At 26, Leila’s life looked solid from the outside.
She had a steady job in marketing. A cute apartment. Friends who checked in and a routine that worked. But inside, she felt numb, like she was moving through her life without actually living it.
The spark she used to have, the curiosity, the energy, the sense of direction was gone.
Worse, she couldn’t figure out when exactly it had disappeared.
There were no panic attacks. No dramatic breakdowns. Just this creeping sense of “I don’t know who I am anymore.”
She came to Renue after one especially hard Monday, where she stared at her laptop for hours and couldn’t make herself care. Therapy, at first, felt like a last resort.
In her sessions, Leila began naming what she hadn’t allowed herself to feel: burnout, emotional fatigue, and a quiet grief for all the versions of herself she’d abandoned to stay “on track.”
Her therapist gave her space to pause. To stop performing. To ask better questions — not just What do I do next? but What do I actually want?

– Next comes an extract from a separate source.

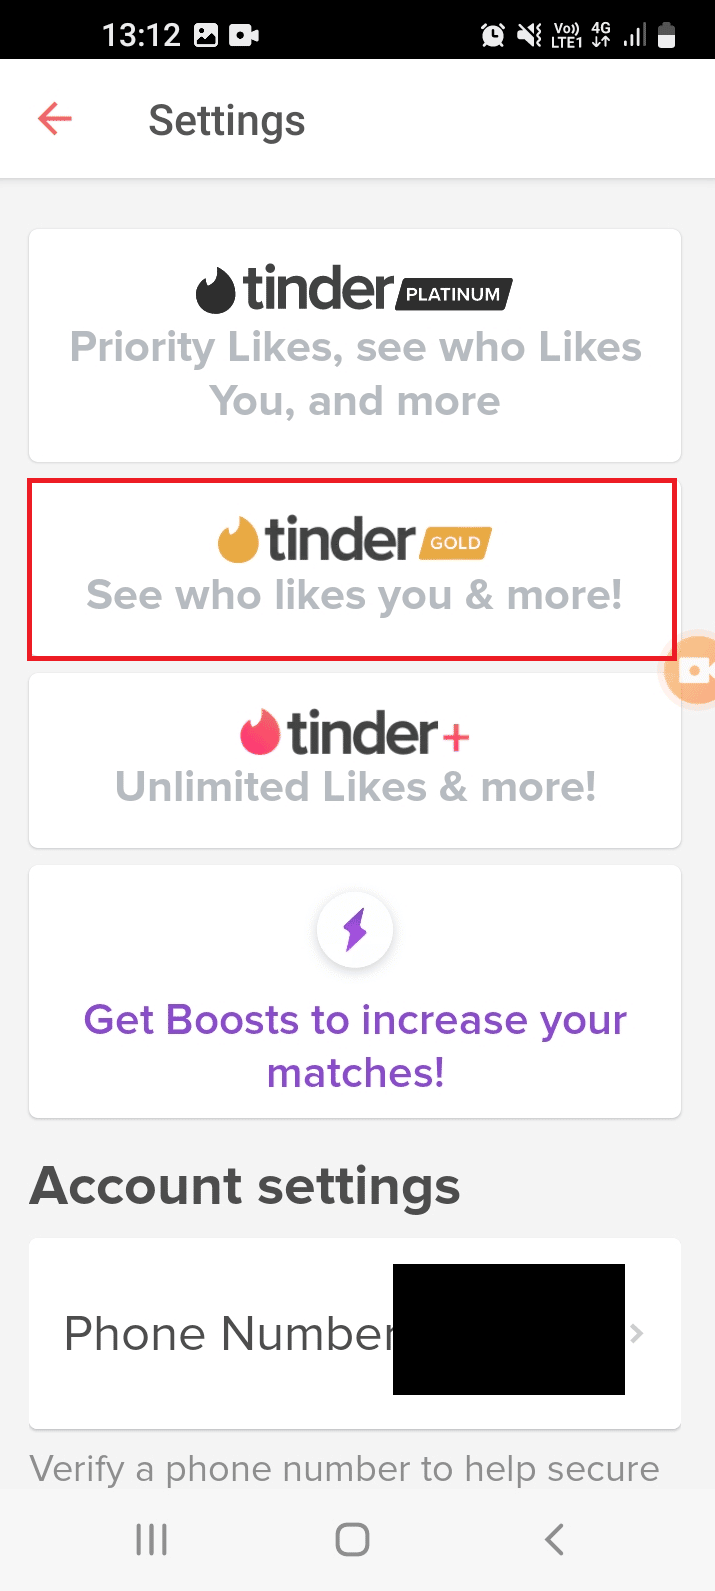 Tap on the tinder GOLD option

They worked through the patterns: overachievement, people-pleasing, fear of disappointing others. She practiced saying “no” without guilt. Resting without shame.

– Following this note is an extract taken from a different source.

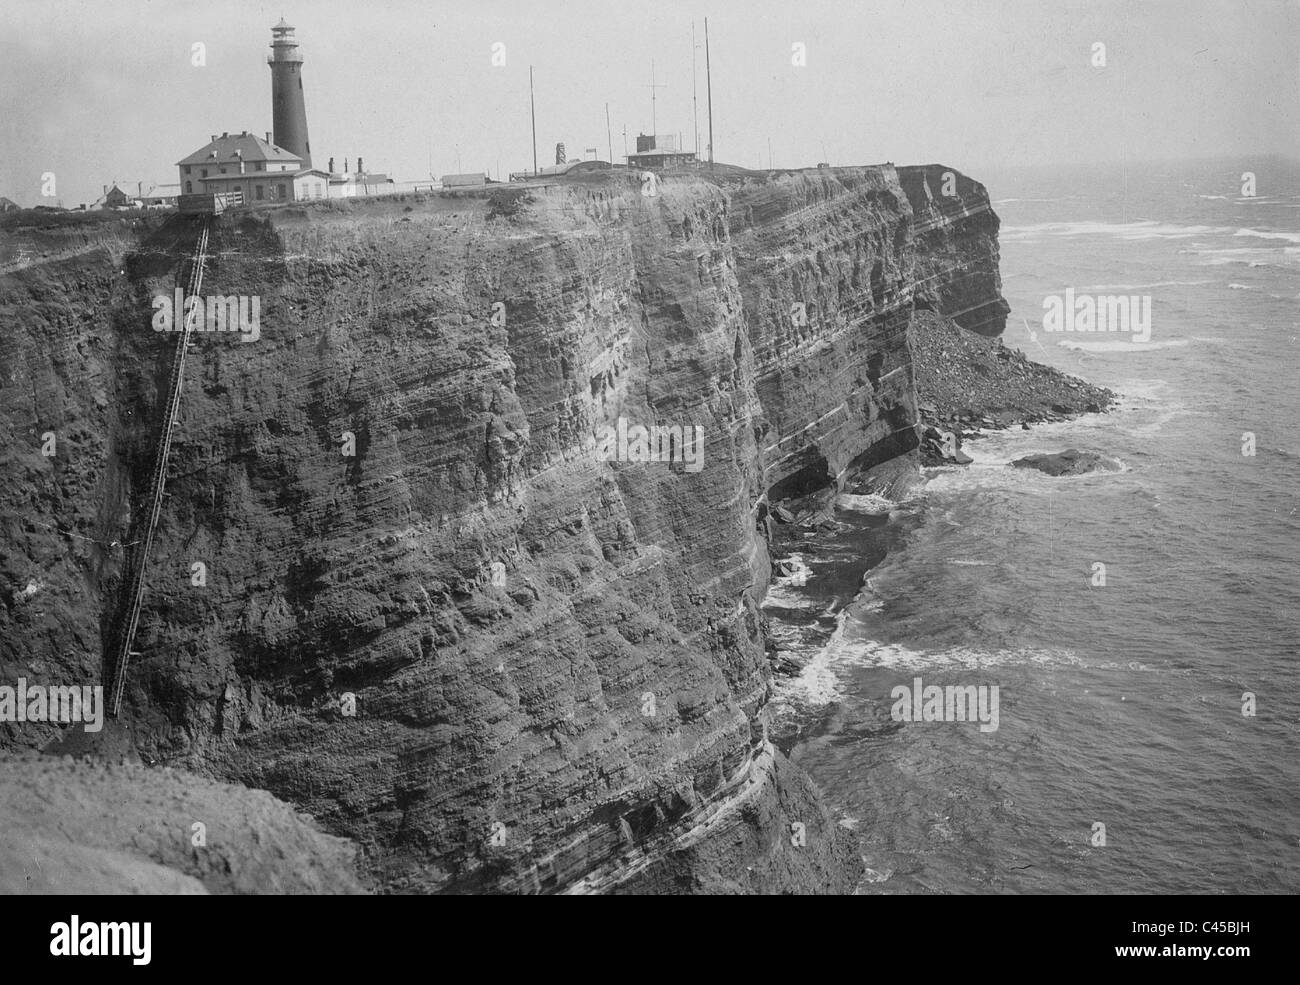 The 'helgoland' Black and White Stock Photos & Images - Alamy

She stopped trying to earn her worth through productivity. She started building a life that felt like hers again, not just one that looked good on paper.
A few months later, Leila didn’t feel “fixed” — she felt real.
She started painting again. She made peace with not knowing all the answers. She set boundaries that once terrified her — and felt more connected, not less.
“I didn’t need to change who I was,” she said.
“I just needed permission to be her again.”
At Renue, we believe healing isn’t always about solving — sometimes, it’s about remembering who you’ve been all along.